Around this time, Meli and her family were invited to go with the in-laws on a rare, few days away at the beach. Meli left me with an incubator full of tiny quail eggs. They were brown and the size of an egg-shaped malted milk ball.
“Don’t worry Mom,” she says, as we stand next to the tiny eggs in the incubator now perched on my mantlepiece.
“Maybe the day before we get back, they might start to hatch.”
Wide-eyed, I stare at the fifteen tiny eggs, mulling over what one does with baby quail.
“OK,” I say.
Not even 24 hours later, I peek at the incubator and see movement. There’s a tiny brown fluffy thing hopping around. I let out a screech.
“Yikes!!”
I take a photo with my phone and while up close, I notice a neat line of crack along another tiny egg. Someone is working his way out!
I call Meli. “Hey, they are hatching! What do I do?”
“Oh, cool Mom! They are okay for twenty-four hours. Then you’ll need to give them water and food.”

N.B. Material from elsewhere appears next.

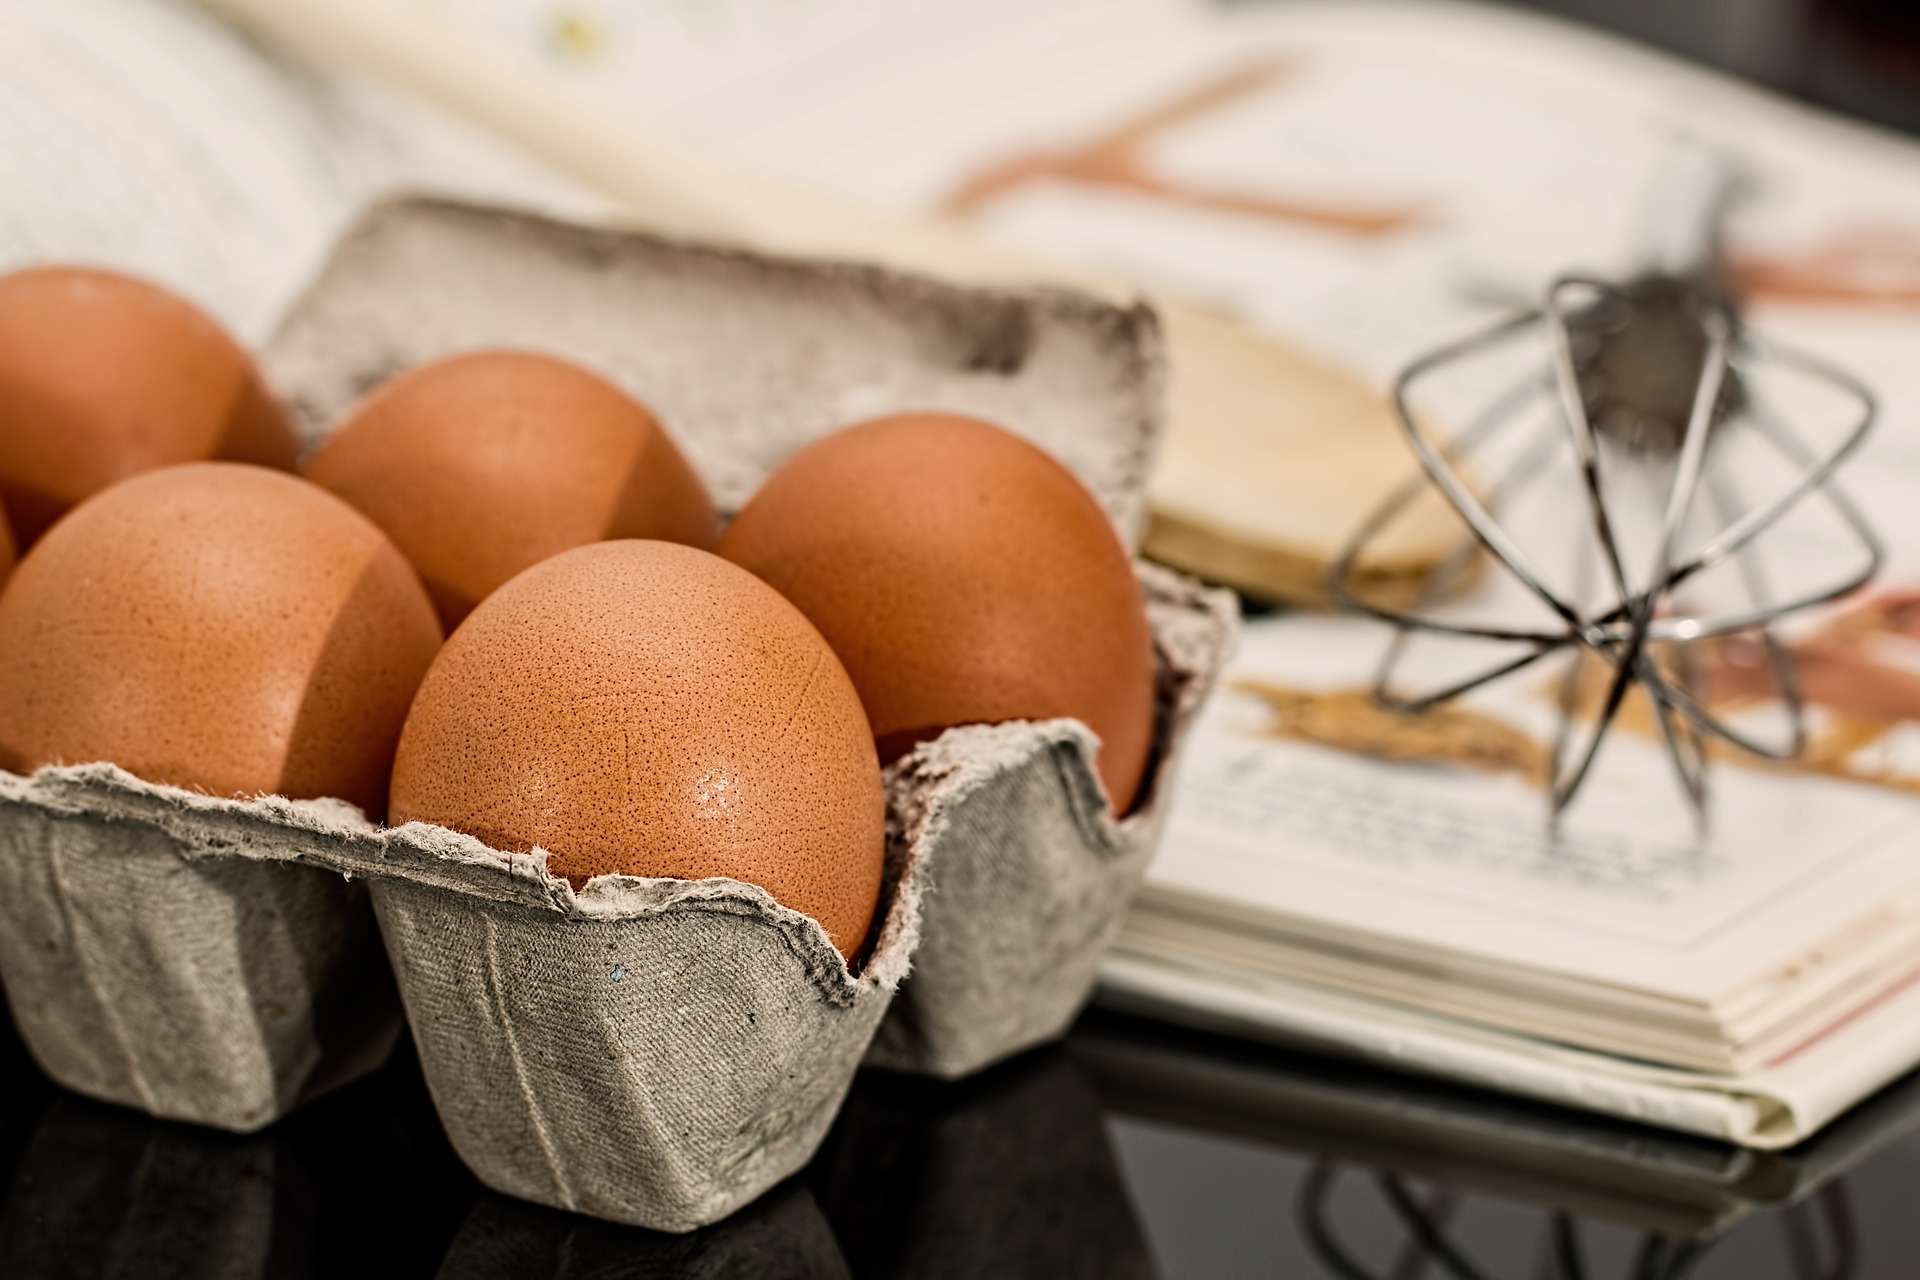 Los huevos son un alimento permitido en la dieta FODMAP. (Steve Buissinne / Pixabay)

As I look back at the cracking egg, a little beak sticks out. Oh my!!
Now I have what seem like giant chickens in the backyard, checking on them each morning. These tiny ones are inside. I shake my head. “Geez!”
By the end of the day, before I go to bed, there are nine, yes nine of them hopping around the incubator.
The next day, my daughter’s friend brings quail food, and we determine to put water in a bottle cap. When I lift the incubator lid, one tiny fluff drifts to the floor. “Oh!” I catch it and pop it back in. Still hops around. The water? They seem to know what to do.
When we picked Meli up, at age two-weeks, she was a healthy content baby. We even had a lovely moment holding her close, eye-to-eye, talking to her. I kept saying, “We are your Mom and Dad, and we love you.” She met our gaze and looked from one to the other and then broke into a toothless newborn baby smile. I know from years of study the importance of bonding, first moments, warmth connection. I wonder what she seeks now. Kahil Gibran says
Your children are not your children. They are the sons and daughters of Life's longing for itself. They come through you but not from you, And though they are with you yet they belong not to you.…
This is true of all children and especially clear of adoptees. Parenting is challenging. To give fully when they are small and helpless, to empower them to step up, and hope they can navigate. Yet they have their own destiny and mission in the world. I must be discerning—when to lean in, be supportive; when to lean out, have a healthy boundary; not lose balance by leaning in too far or out too far.
I am asking myself to “please remember that you are not just a mom an adult watching your grown daughter learn about life. She is teaching you a lot a well, by asking your help and showing her vulnerability in caring so much for chickens.”
Can I get it? Can I weave my way through to lean in and help while also creating a healthy boundary for myself. Once a mother always a mother. That is one of the most challenging roles on the spiritual path that I know. How easy and tempting to focus on her and what she is doing, forgetting to watch myself and what I am doing.
Finally she comes home and bursts through my front door to dash right over to the incubator full of her tiny fluffy balls. She opens the top and takes out a few into her hands, eyes gleaming.
There’s a flurry of checking them over, counting them, seeing there is enough water….
She looks over at me smiling.
“Thanks Mom!” she says.
I know I did more than watch eggs hatch.
Now she is the mother hen for these chickens little. Somehow this seems right. I welcome them, cracking out of their eggs. She takes over, loving them up and cooing over them.